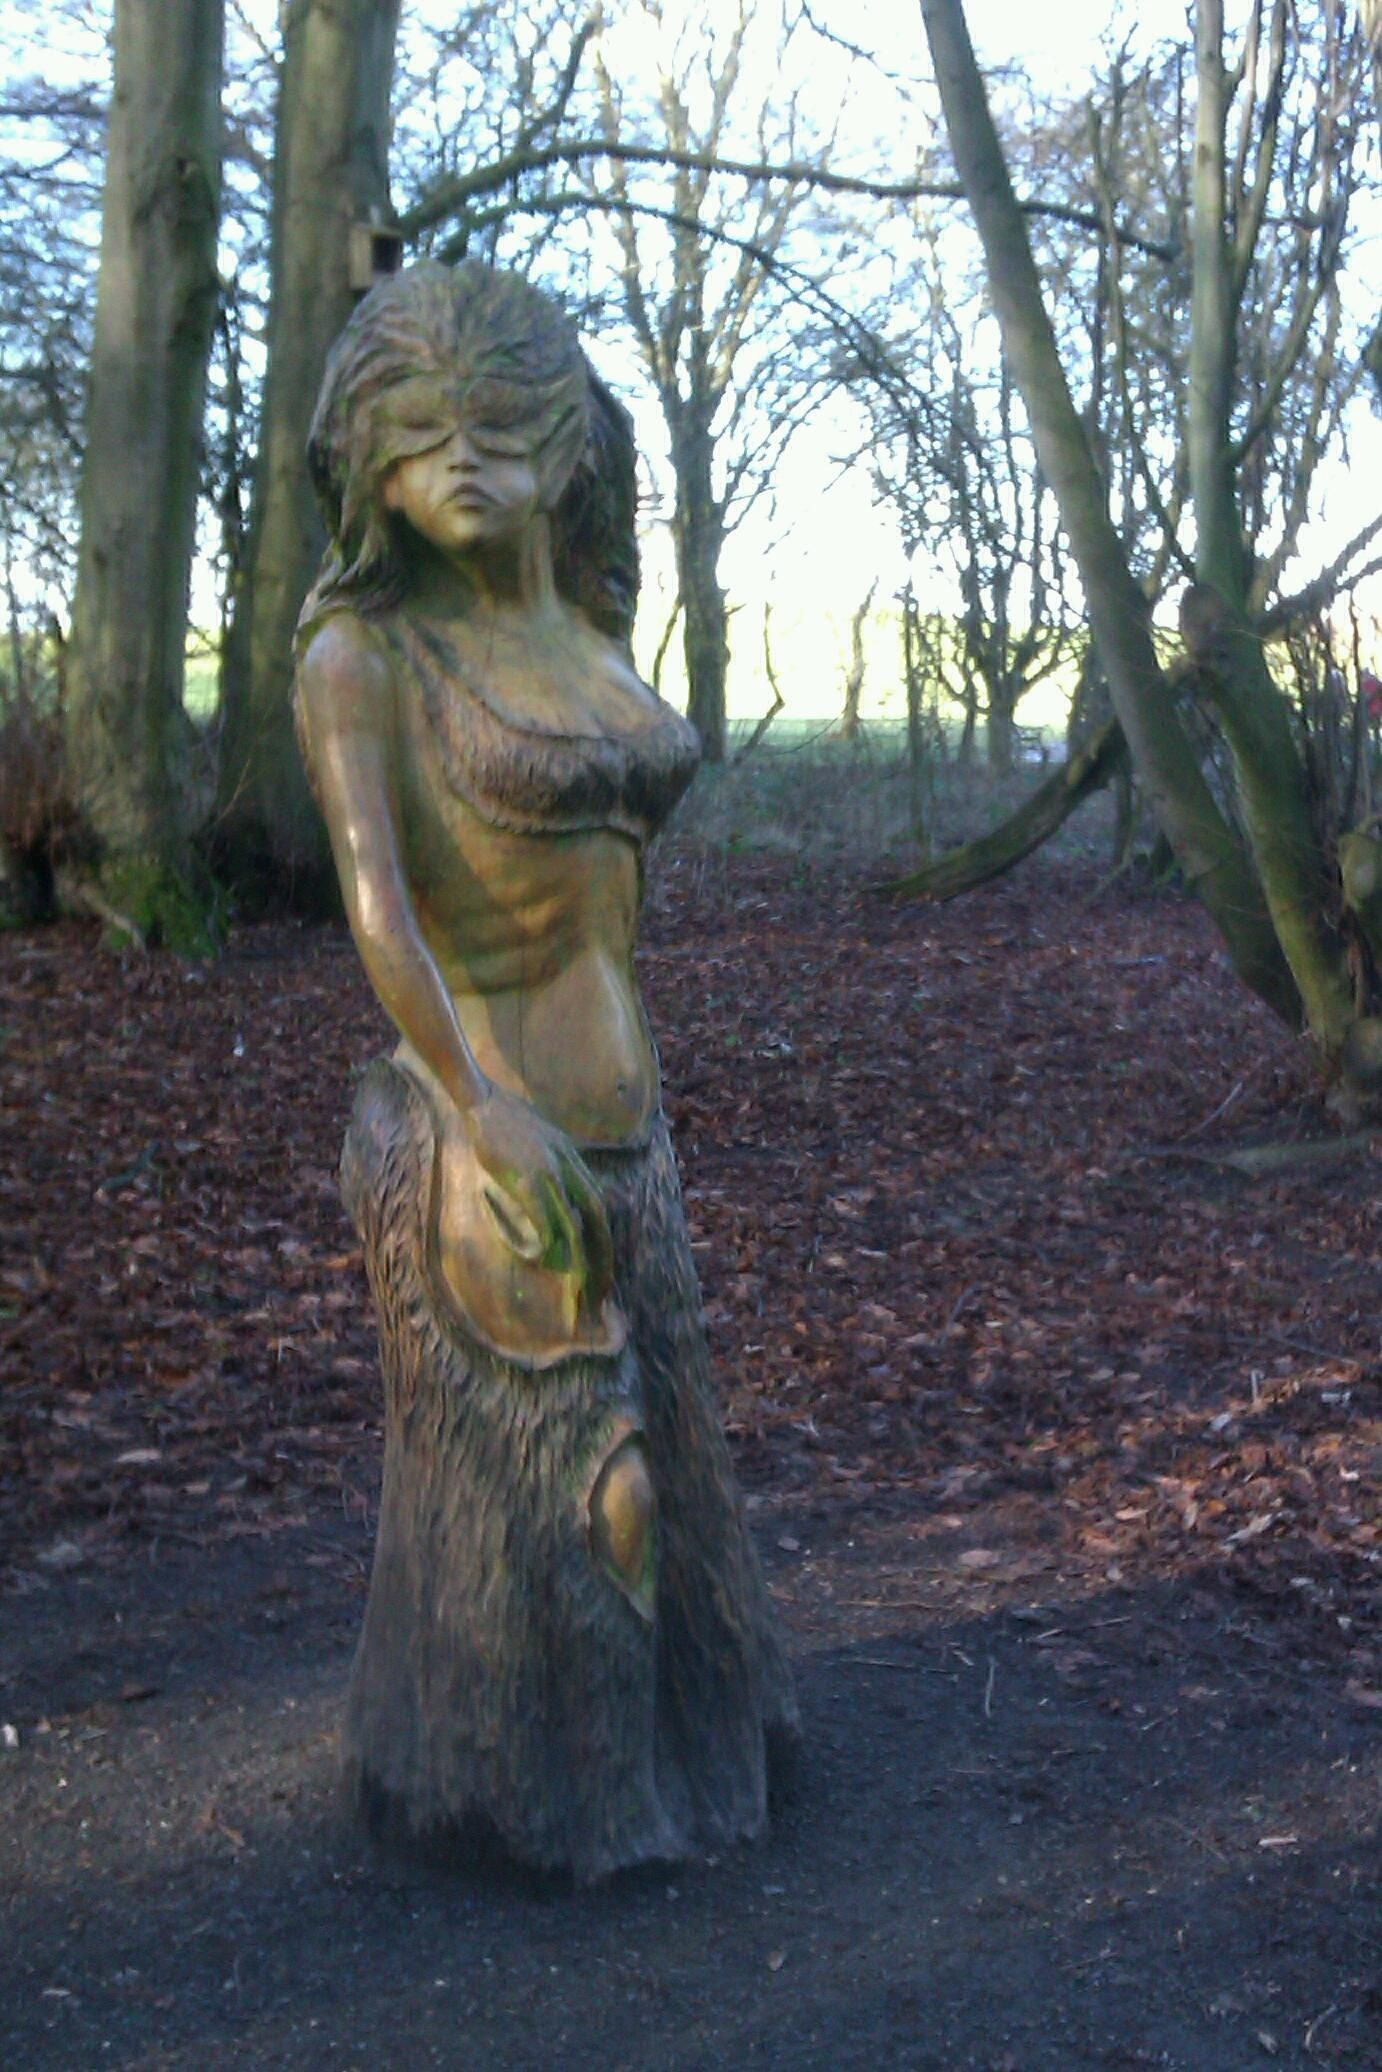 Wooden sculpture at Hardwick Hall, Durham, England
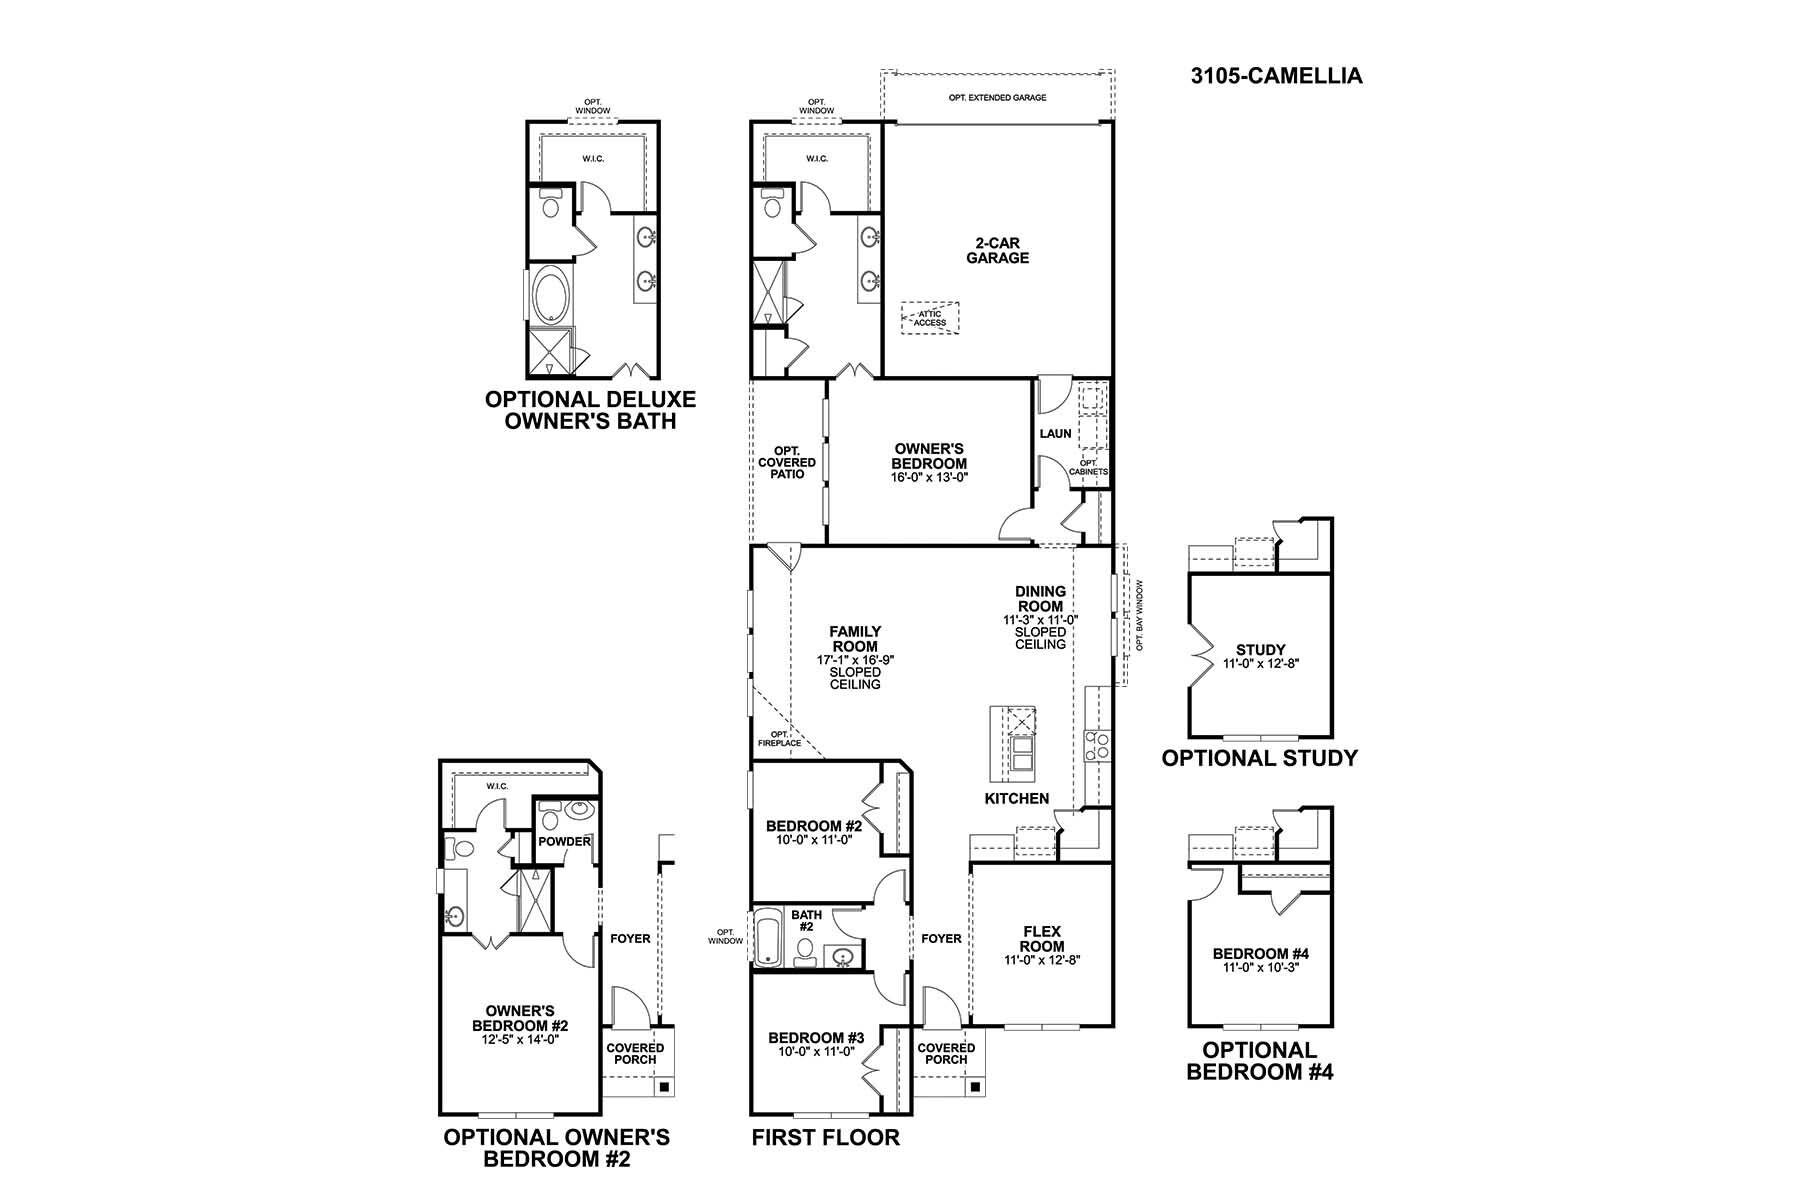 Camellia Floorplan
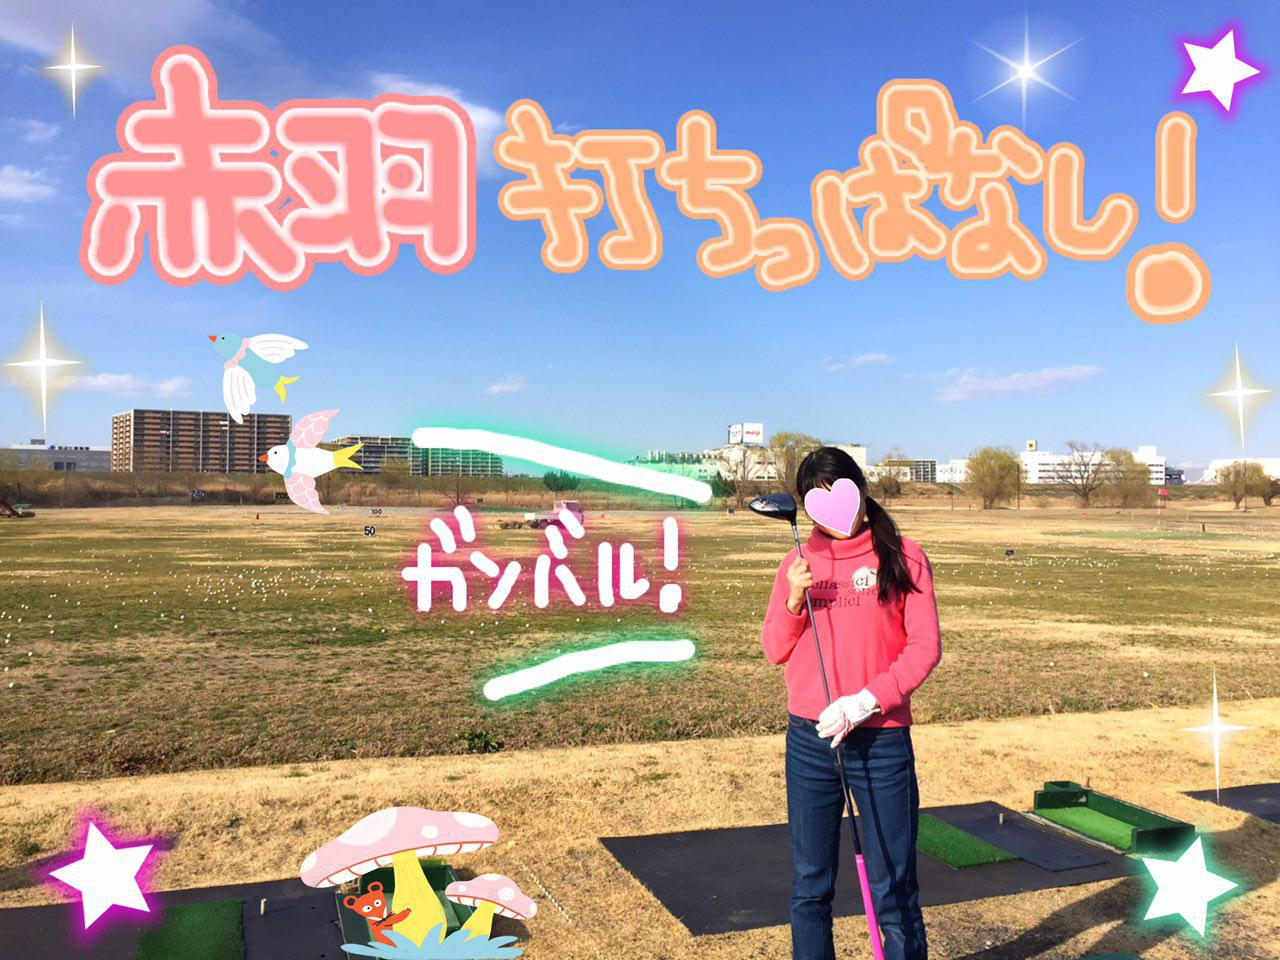 photo_2017-03-11_00-48-28.jpg

● ● ● ●

**TASK TO CARRY OUT:**
In your copy of the material, match every word exactly and include no pictures.

**RESULT OF THIS TASK:**
 Wooden sculpture at Hardwick Hall, Durham, England
 Camellia Floorplan
 photo_2017-03-11_00-48-28.jpg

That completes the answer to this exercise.